2) Day Routines: 10 Rules of Recovery: Try and wake at same time every morning. Yoga Flow Routine. Classical Music
3) Treat every day and night the same whether you have a game or not, that way we don’t make games too important. It is just another opportunity to learn and improve.
4) Day of if you aren’t in the lineup:
- Use BP and Inf/Of as your game. Use notebook to track execution
- Time up Pitcher before game.
- Pick a spot in the lineup to go through your at bat routines
- Do a chart
- Warm up the pitcher in between innings, corner OF
- Make sure you pick up defenders with their hat and glove
5) If you are in the lineup
- Make sure you have a designated spot for all your equipment
- Time up pitcher during his warm ups
- Cycle of Success: up 5th get all your equipment, up 4th breath and visualize, up 3rd time up pitcher, on deck play the at bat with the guy in front of you, up to bat walk to plate with big body language, get your sign, before you get in box “Big breath in through nose, exhale release and say “relax”, step in box “in box” routine, if nothing happens rinse and repeat.

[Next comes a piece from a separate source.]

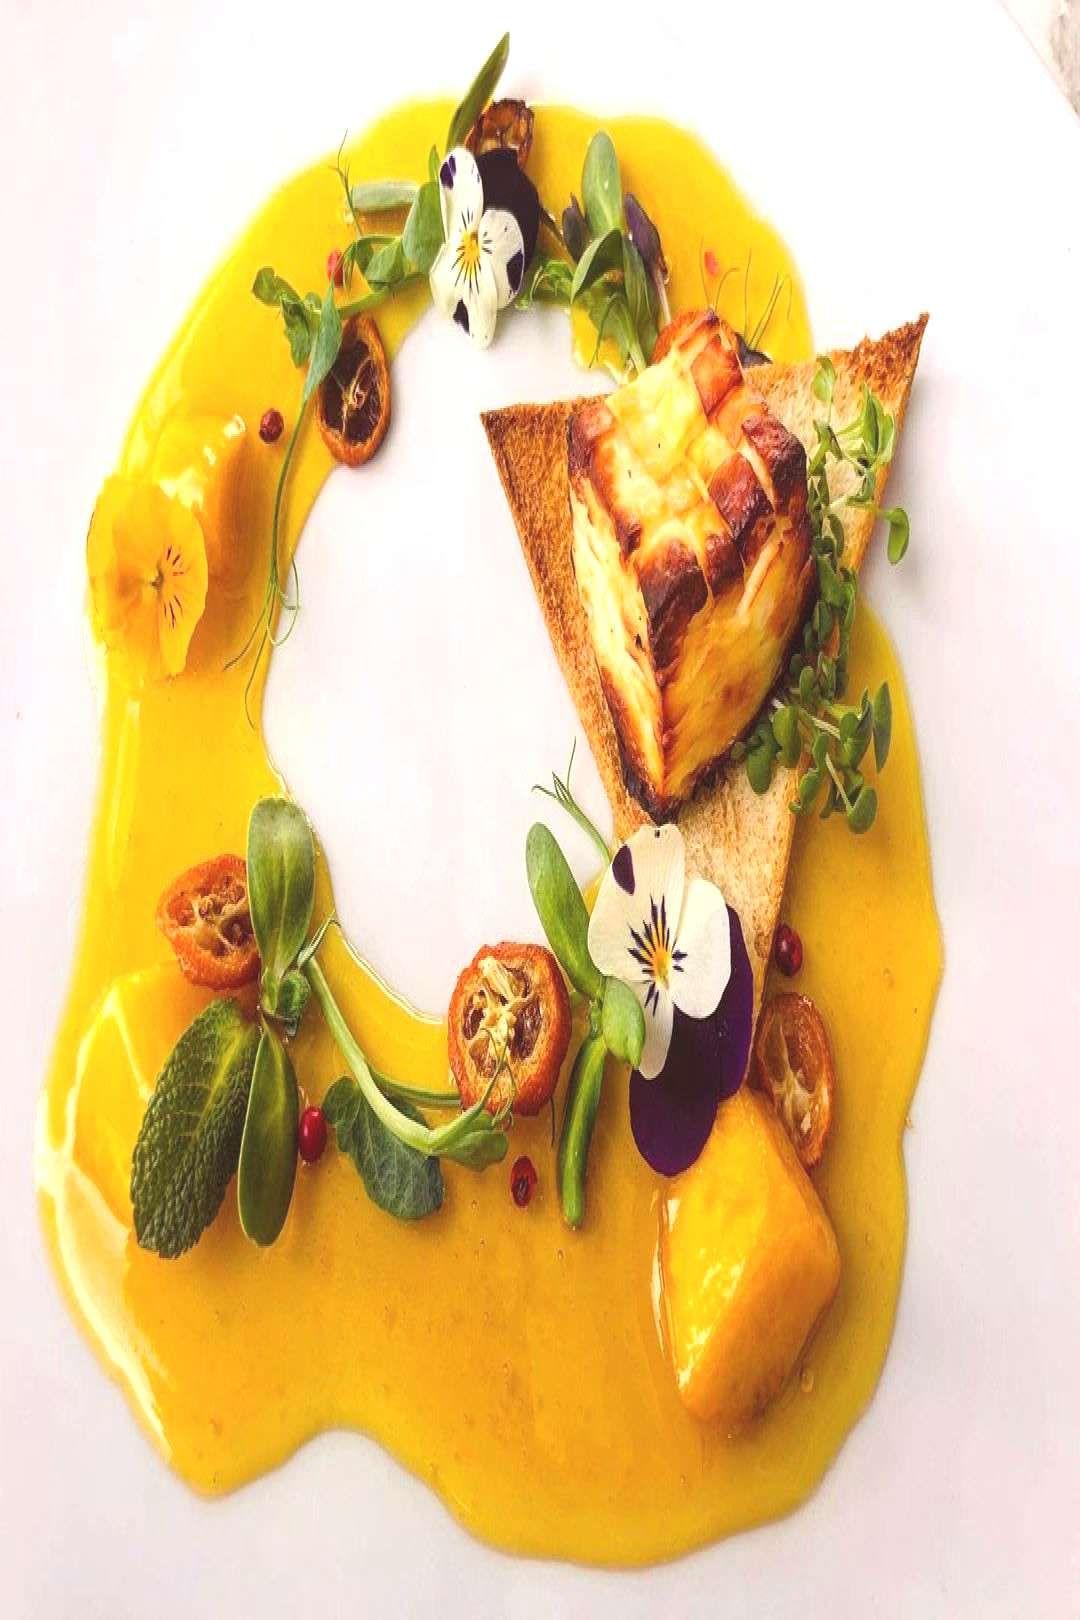 #cypruscooking #sweet #salty #icomo #when #meet #chef #food #the #fo | When the sweet meet the salty | #icomo #cypruscooking #chef #foYou can find Food quotes and more on our website.| When the sweet meet the salty | #icomo #cypruscooking #chef #fo

- After at bat, use a release of some sort, can also journal your at bat.  Once the helmet and batting gloves come off, it is time to get ready to play defense.  Both sides of the ball are equally important.
- Defense, know what you are going to do with the ball before it is pitched each and every pitch. Prep step routines every pitch,  Same thing before every pitch big breath, exhale release and say “relax”.
6) Offensive Approach Goals
- Nobody on base: See how many line drives you can hit off the pitchers forehead
- One drag or push bunt in fair territory each game, 1-1 count is a great count to try on and assume it will be a breaking ball. Great count to try it on because you have a chance of getting a hit on a breaking ball or seeing it longer and taking it for a ball so you can hit in a 2-1 count.
- Runner at 1B no outs, drag bunt for hit and will at least get a SAC bunt out of it.
- Runner on 1B 1 out, trying to hit in the 4 hole to get runner from 1st to 3rd. Also have a bigger hole to hit into with 1B holding runner
- Runner at 2b no outs, drag bunt or groundball to 2B if you are swinging away to move the runner
- Runner at 2B 1 out, base hit up the middle to score runner
- Runner at 3B No outs or 1 out, infield back gball to 2B, infield in Line drive off the pitchers forehead.
7) Defensive Goals
- Field every routine groundball and throw through your target. Know what you are going to do with every ball pitched.
8) Baserunning Goals
- Put pressure on the defense
- Move up 90 feet every opportunity on ball in dirt reads, stealing or advancing on errant throws
9) Be into the game and be a great teammate.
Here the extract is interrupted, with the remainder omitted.